Blame Wolfgang Puck.
It was Puck who in the eighties changed the notion of what a pizza could be, getting creative and moving beyond the basic trinity toppings – sausage, pepperoni and mushroom – and heavy sauce and cheese.

Perhaps you can’t draw a straight line from Spago to Perla’s Pizza but a connection could definitely be argued. How else would you explain a pizza with bananas on it?

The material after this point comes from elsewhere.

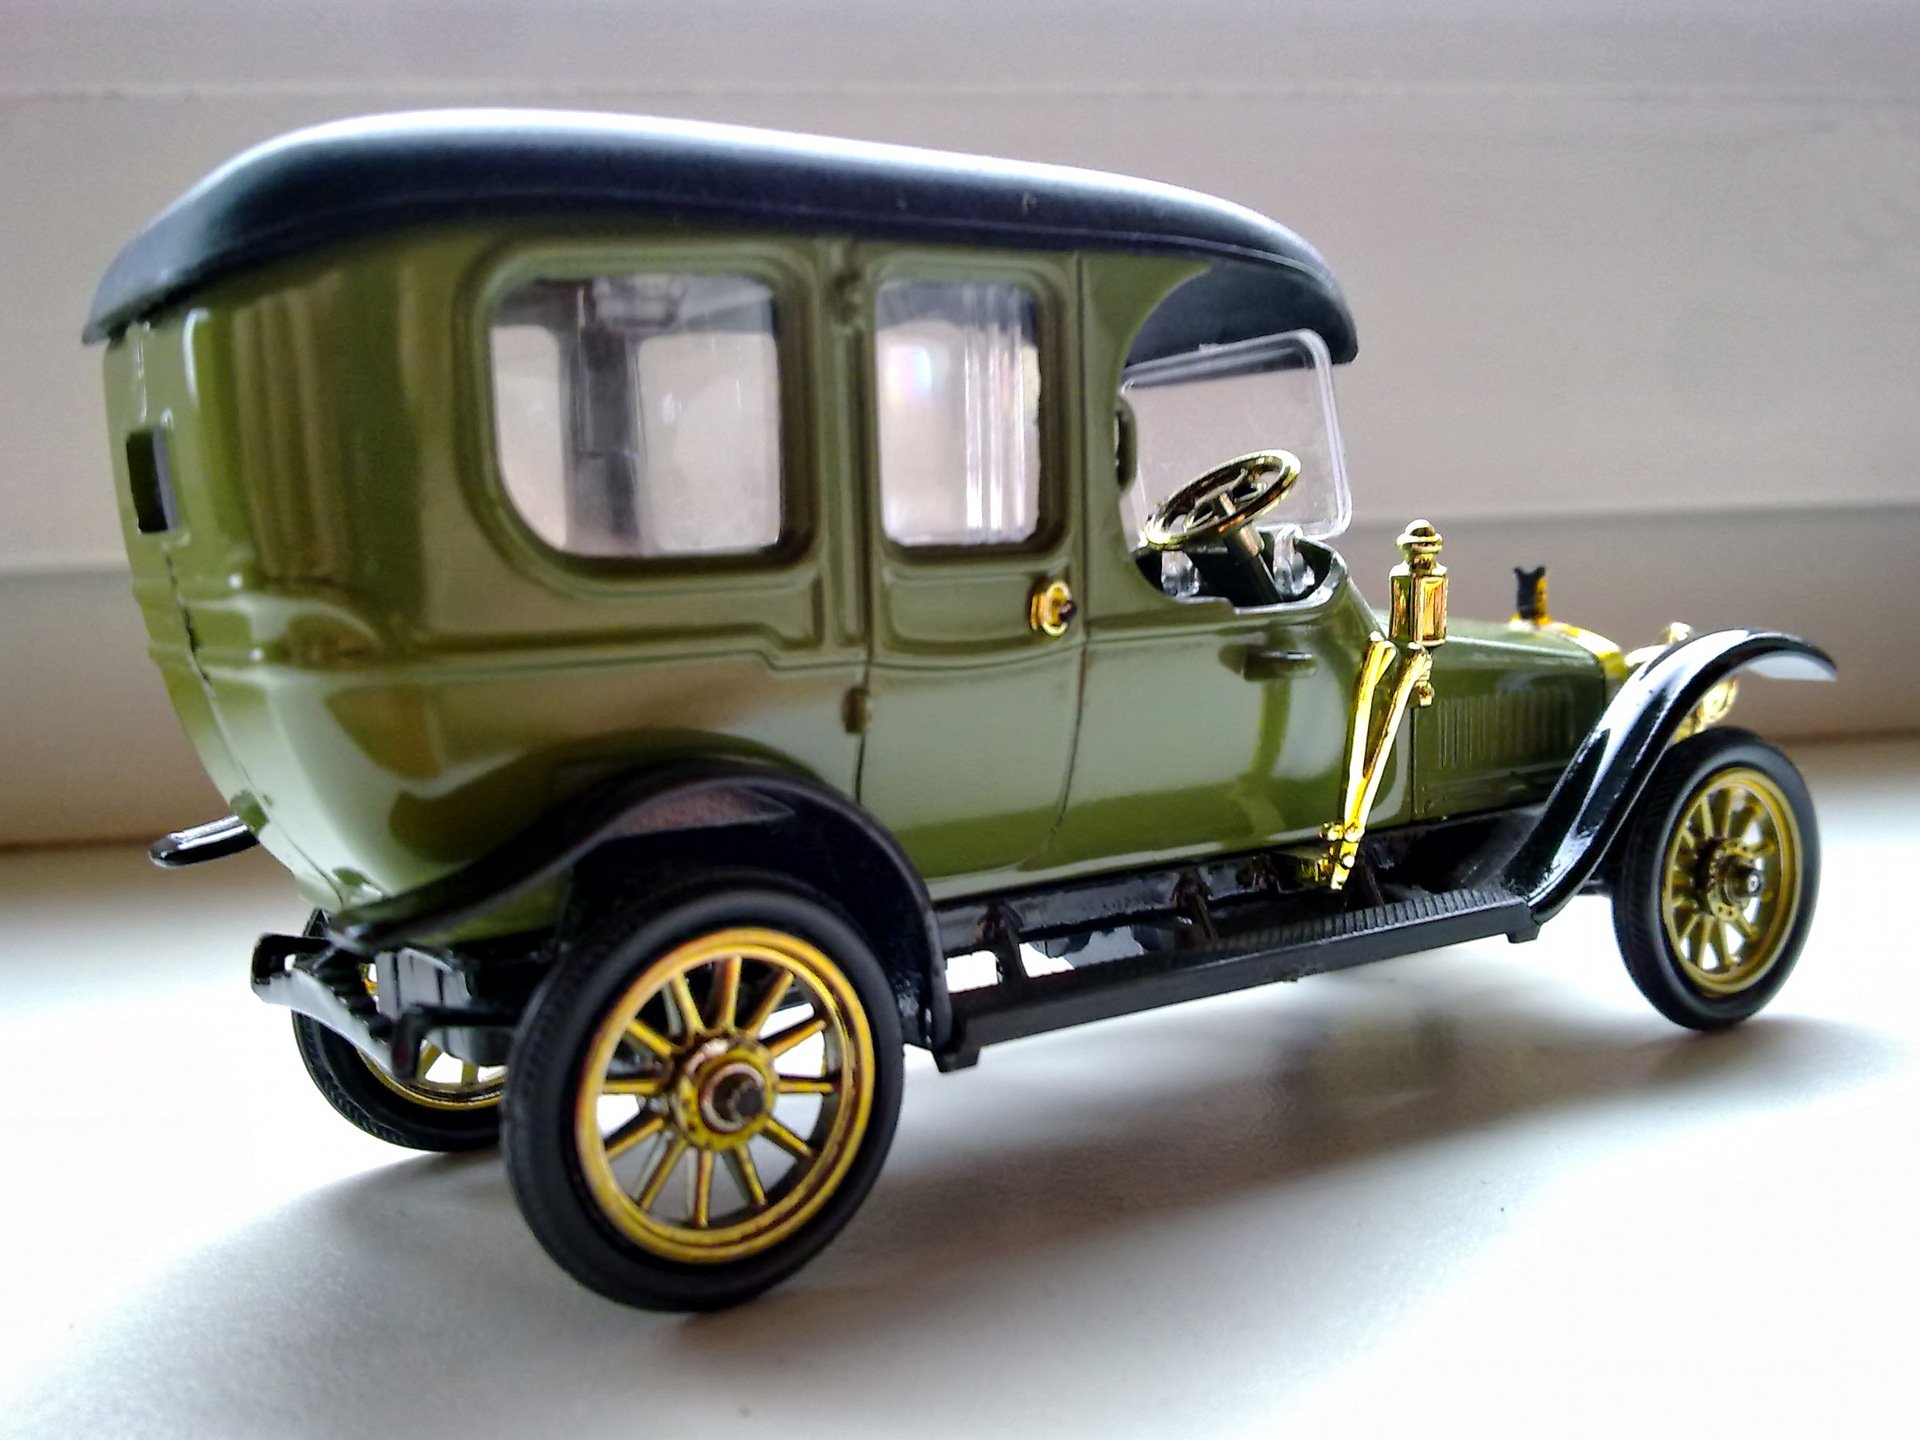 Автомобиль балт. Руссо Балт. Грузовик Руссо Балт. Автомобиль Руссо-Балт модель. Модель первого Руссо-Балт 1909 1:43.

Perla’s is the project of Mike Collantes of Taglish, the Filipino-American food stall inside the Lotte Market on West Colonial Drive. Perla’s, in the Mills 50 district in an almost-shared space with the Thirsty Topher, does just pizzas (and one salad), offering a small collection of curated pies, most of them more mundane than the one called It’s Bananas.
That isn’t exactly the phrase I uttered when I first heard that Perla’s would offer a pizza with bananas. At the time I speculated that Collantes was just trying to tick off people who thought pineapple on a pizza was sacrilege. To that point, Perla’s also offers a selection called Everybody Hates Pineapple.
I include myself with everybody on that notion, even though Perla’s use of pineapple jam paired with pickled jalapenos sounded a tad intriguing. Just a tad.
But I really couldn’t ignore the bananas staring at me from the menu.